**DIRECTIONS FOR THIS TASK:** Please copy the lines below, exactly as they are, from the one with "Foto 2 de Clubs" through the one with "Tornado GR. Mk.", and leave out the pictures.

**INPUT DATA:**
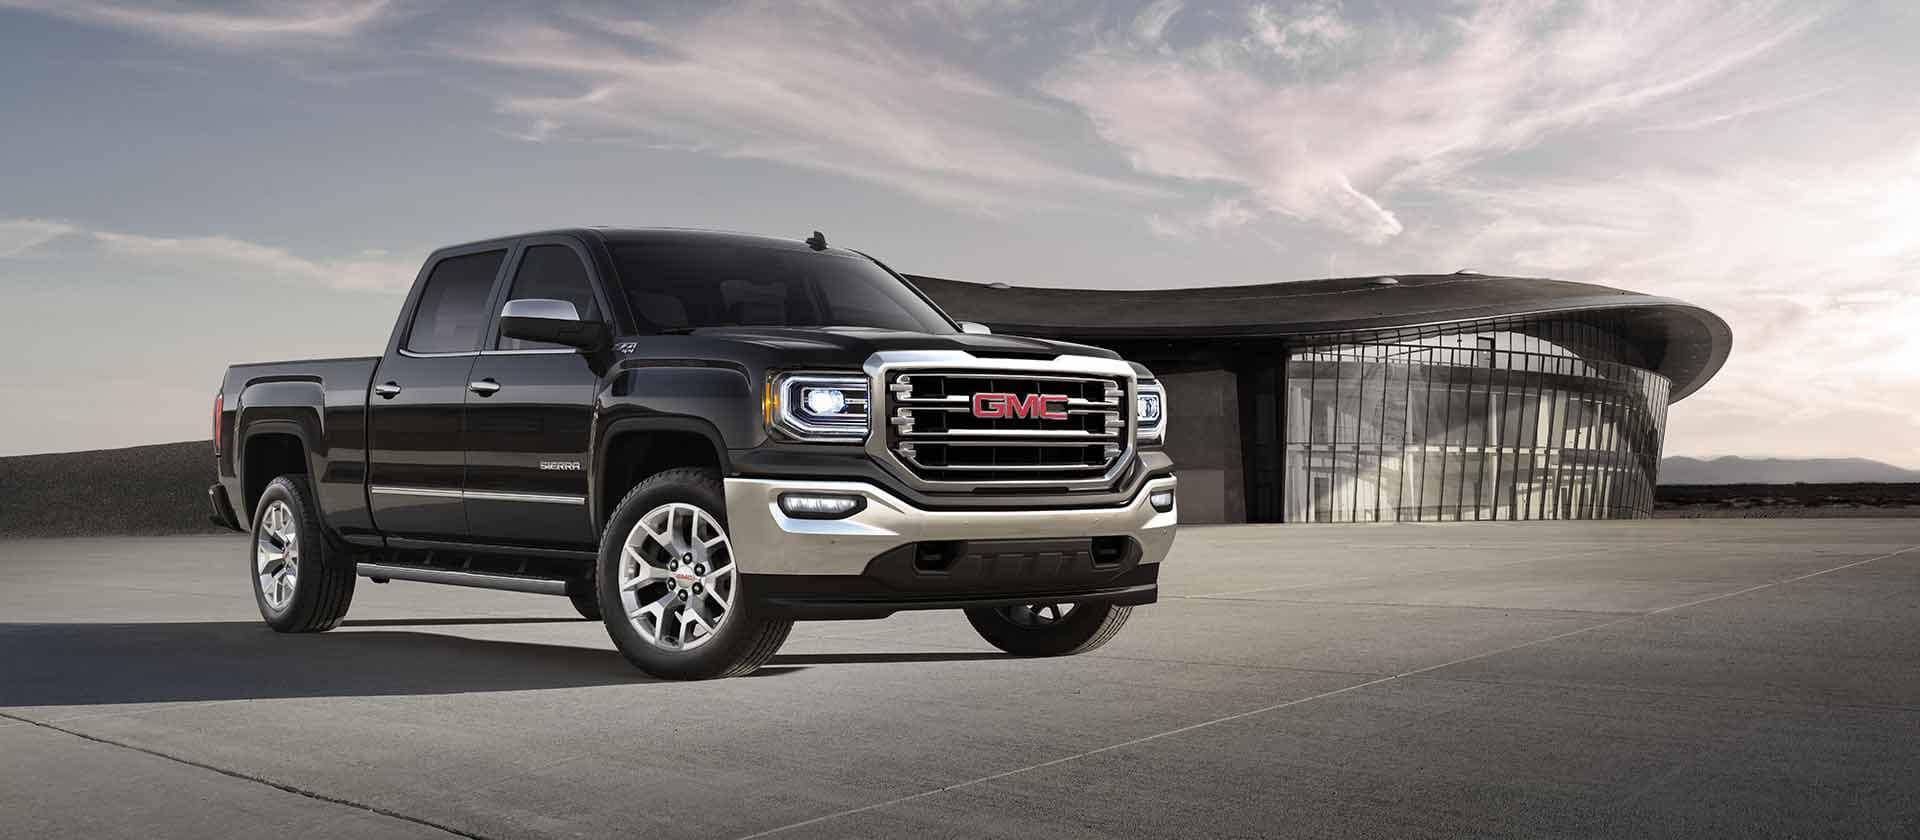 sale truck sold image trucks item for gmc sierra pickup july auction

* * *

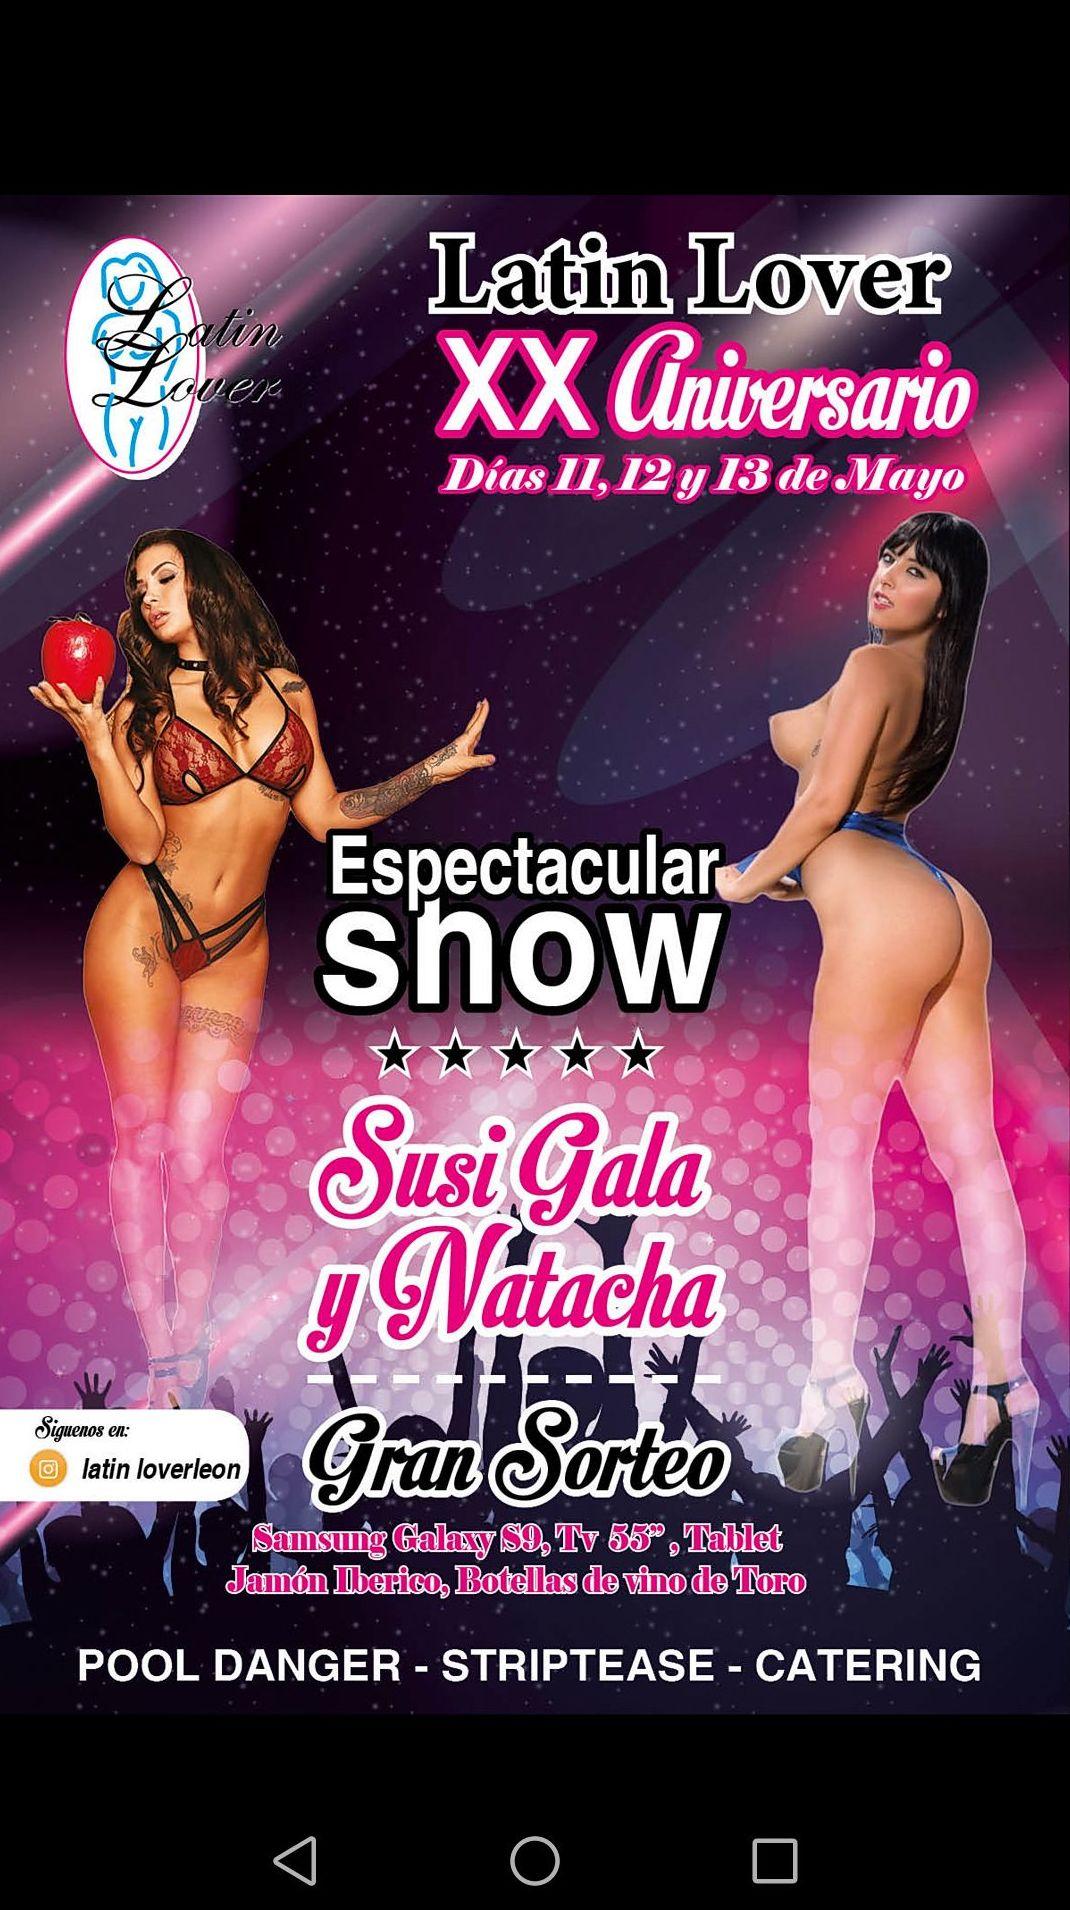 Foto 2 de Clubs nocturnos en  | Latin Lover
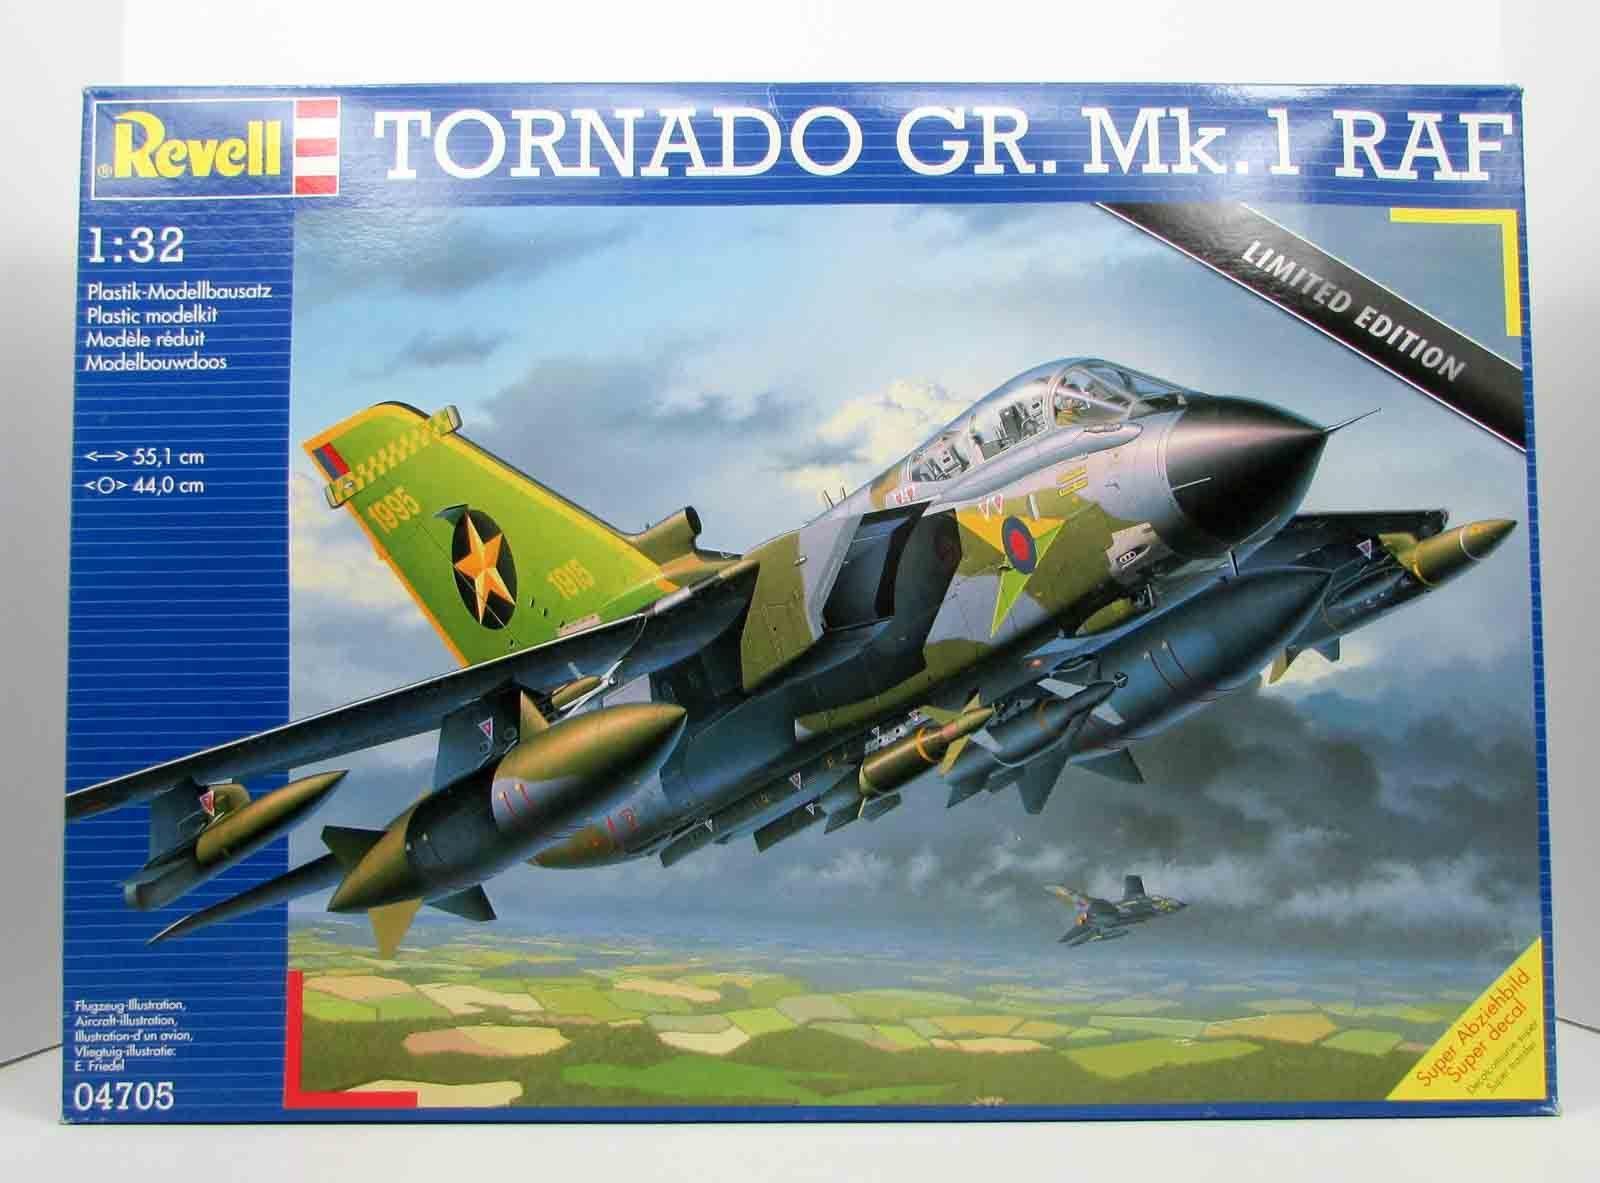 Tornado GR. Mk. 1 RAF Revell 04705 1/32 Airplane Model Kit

...

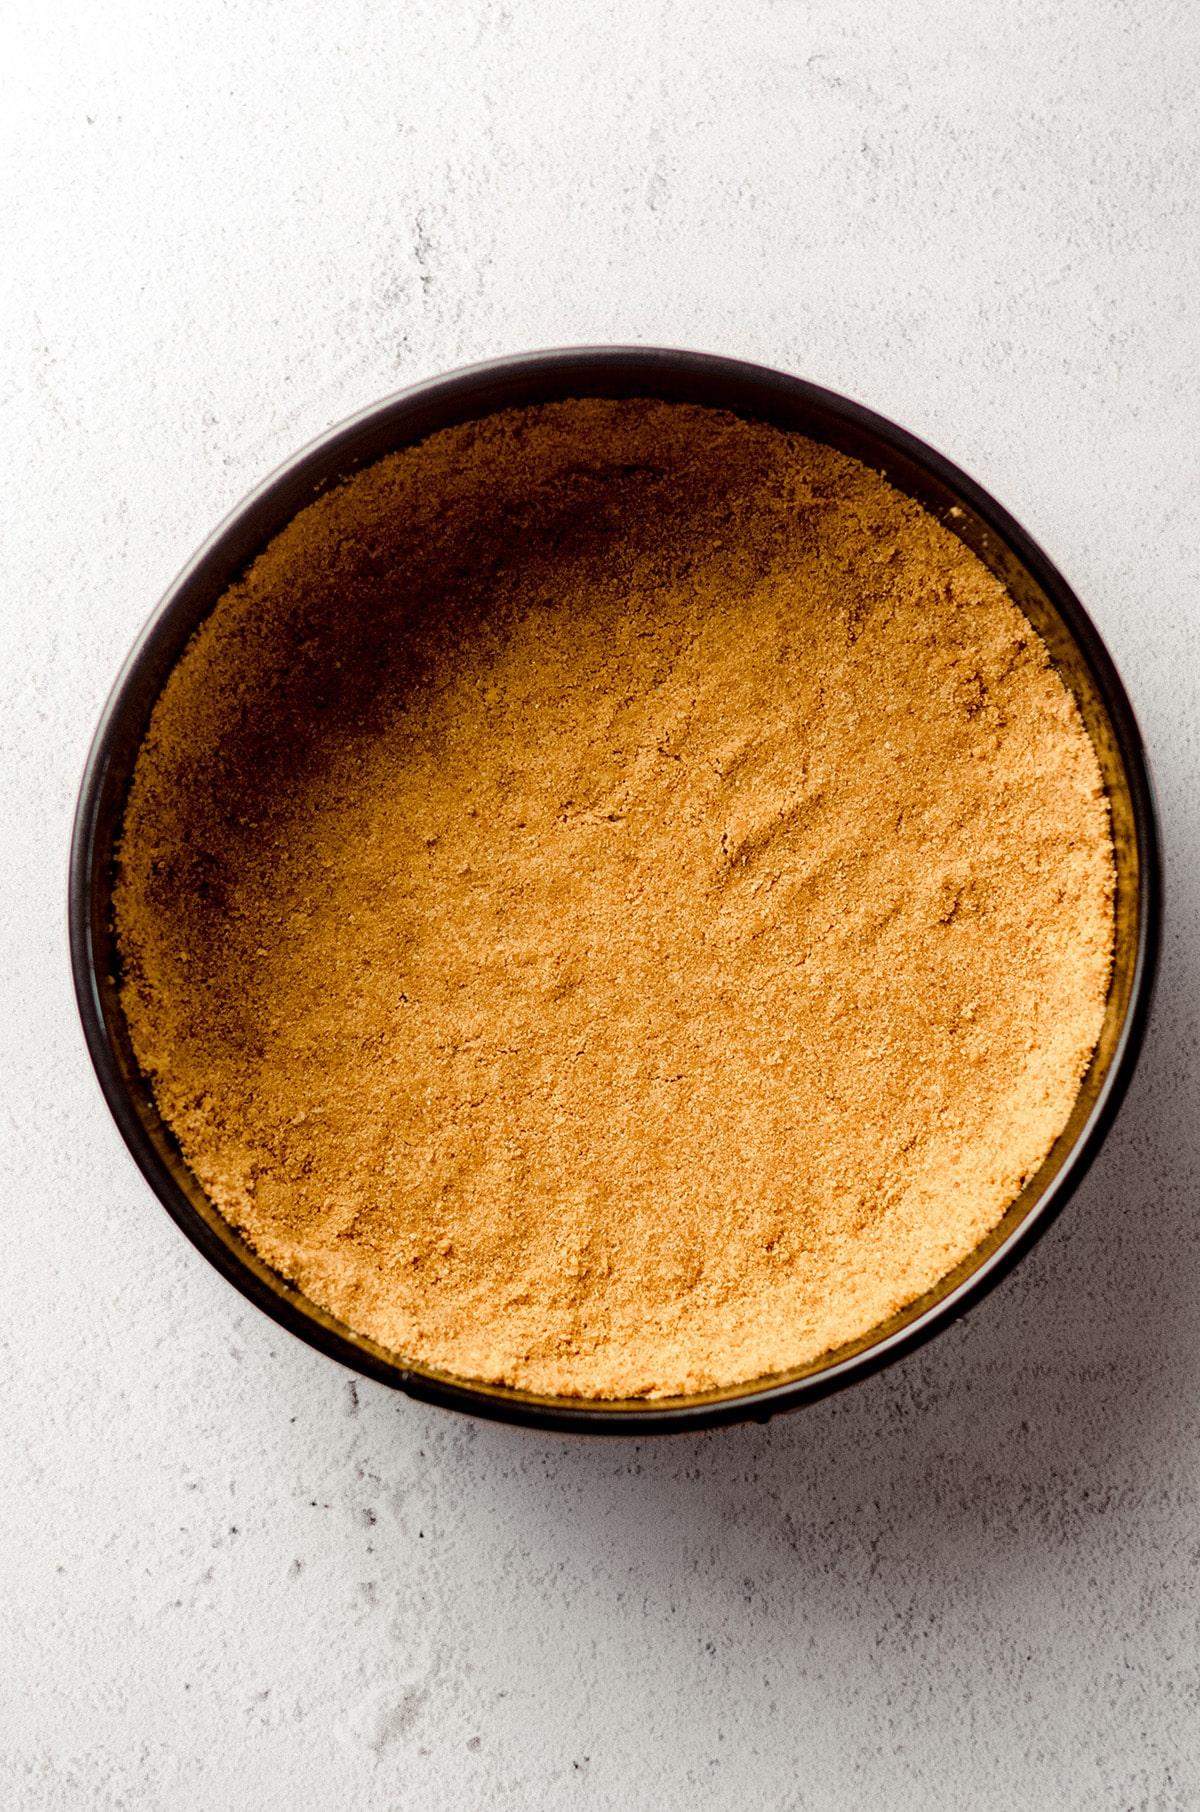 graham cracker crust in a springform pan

**RESULT:**
 Foto 2 de Clubs nocturnos en  | Latin Lover
 Tornado GR. Mk. 1 RAF Revell 04705 1/32 Airplane Model Kit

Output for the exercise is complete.